Provisional Measures in Investor-State Arbitration: States Playing Games in Local Courts by Invoking the Trump Card (Police Powers)
Keywords:Investment Treaty Arbitration, Interim Measures, Sovereign Immunity, Suspension of Criminal Procedures, Treaty Interpretation
AbstractThis paper outlines arbitral tribunals’ power to order provisional measures under the auspices of I.C.S.I.D. Arbitration; that is, investor-state arbitration. The scope of a tribunal’s power is cumbersome to discern, especially when there are possible interferences with state sovereignty. More recently, tribunals have ordered provisional measures to suspend a domestic criminal investigation or proceeding.
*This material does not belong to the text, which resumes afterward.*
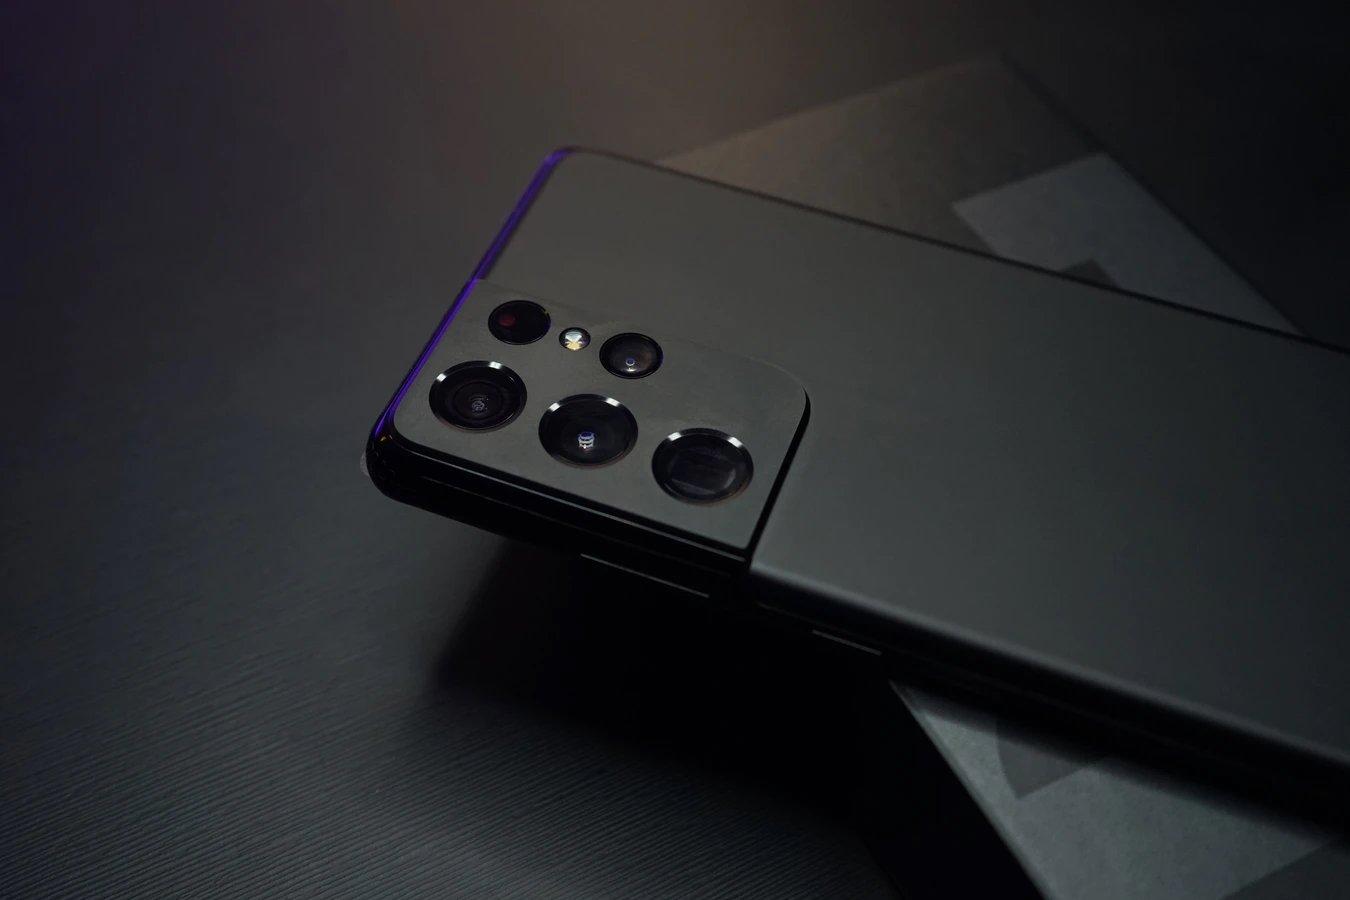 Samsung s21 cameras

Is this an infringement on a states sovereign prerogatives or a response to, for example, dilatory tactics by a rogue state? The crux of the issue is this: a state will always be in a position to utilize its prosecutorial powers in order to frustrate the arbitration by putting immense pressure on the investor, its employees, or its witnesses, in other words: “playing games” in local courts. In order to guarantee procedural integrity of the arbitration and, as a corollary, the legitimacy of investor-state arbitration in its entirety, the provisional measure is a practical tool that can be used effectively. On a similar vein, “sovereignty” should not force tribunals to tie their hands when serious interference with the arbitral procedure is making the procedure unfair at best,or a nullity at worst. However, legal text both empowers and constrains the tribunal. The I.C.S.I.D. Convention only allows a tribunal to “recommend” provisional measures. As seen in light of investor-state case law, in an informal (perhaps de facto) stare decisis context, a number of tribunals seem to have justiﬁed the ordering of provisional measures. In the shadow of this construction lurks the de-legitimizing of the entire investor-state arbitration system. At the same time, rogue sovereigns playing games in local courts have the same de-legitimizing effect.